Strange that it doesn't show it in /usr/src/UPDATING.


----------



## kpa (Aug 17, 2015)

If you want 10.2-RELEASE you have to checkout the releng/10.2 branch:

`# svnlite co https://svn.freebsd.org/base/releng/10.2 /usr/src`.

The stable branch and the releng branch were separated from each other on 24th of July by creation of  the releng/10.2 branch as a copy of the stable/10 branch.  The releng branch is now the "maintainance" branch for 10.2-RELEASE. The stable branch stable/10 will continue to be the work towards the next release 10.3, it is now called 10.2-STABLE but that just signifies that it's "life after 10.2-RELEASE".

https://www.freebsd.org/releases/10.2R/schedule.html


----------



## xy16644 (Aug 17, 2015)

Sorry but I don't quite understand. So if I want to update my current 10.1-STABLE setup to 10.2-STABLE how do I do this?


----------



## kpa (Aug 17, 2015)

You said that you want to upgrade to "10.2" and I read that as "10.2-RELEASE", be more precise and readers of your threads will have a better picture what you want. 10.2-STABLE is what is in stable/10 now.
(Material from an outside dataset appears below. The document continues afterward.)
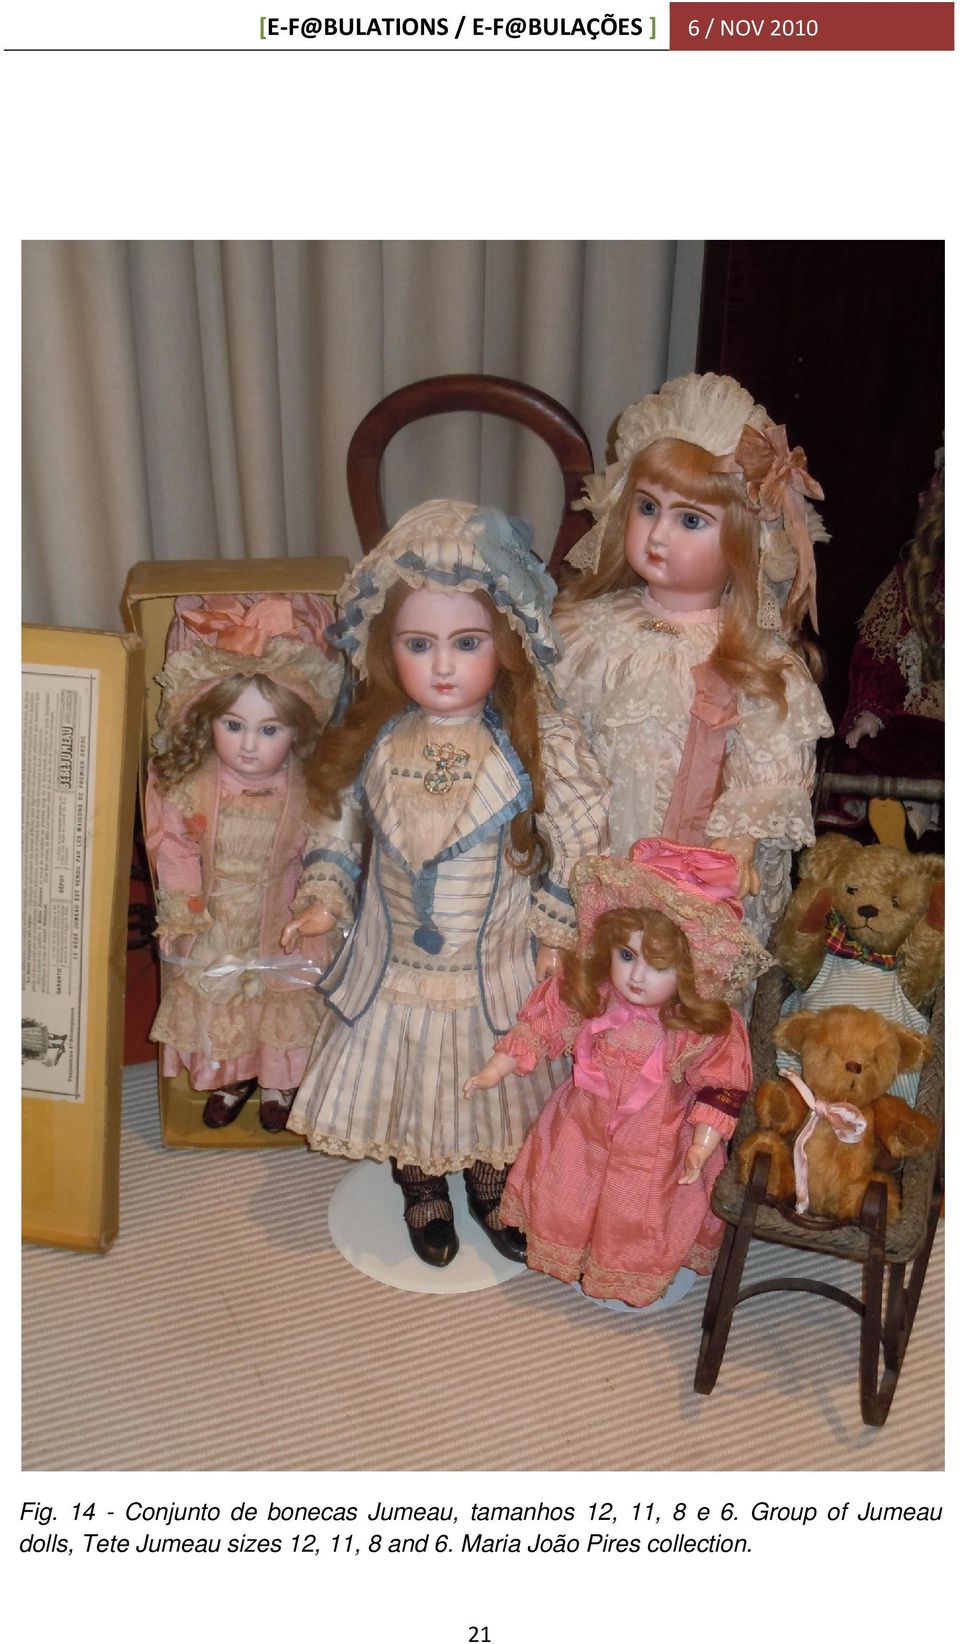 Group of Jumeau dolls, Tete Jumeau

The release is not yet tagged in /usr/src/UPDATING for some reason but does it matter?


----------



## xy16644 (Aug 17, 2015)

Having reread the title I guess I should have rather said: Upgrade 10.1-STABLE to 10.2-STABLE.

Assumptions eh?

No it doesn't matter that its not tagged yet but I was just being cautious...thats all.

Great, so I have checked out the correct code I need to upgrade to 10.2-STABLE.

Thanks for the help everyone.


----------



## junovitch@ (Aug 19, 2015)

I passed on the heads up on the missing UPDATING entry in stable/10 and it was just fixed in r286912:
https://svnweb.FreeBSD.org/changeset/base/286912


----------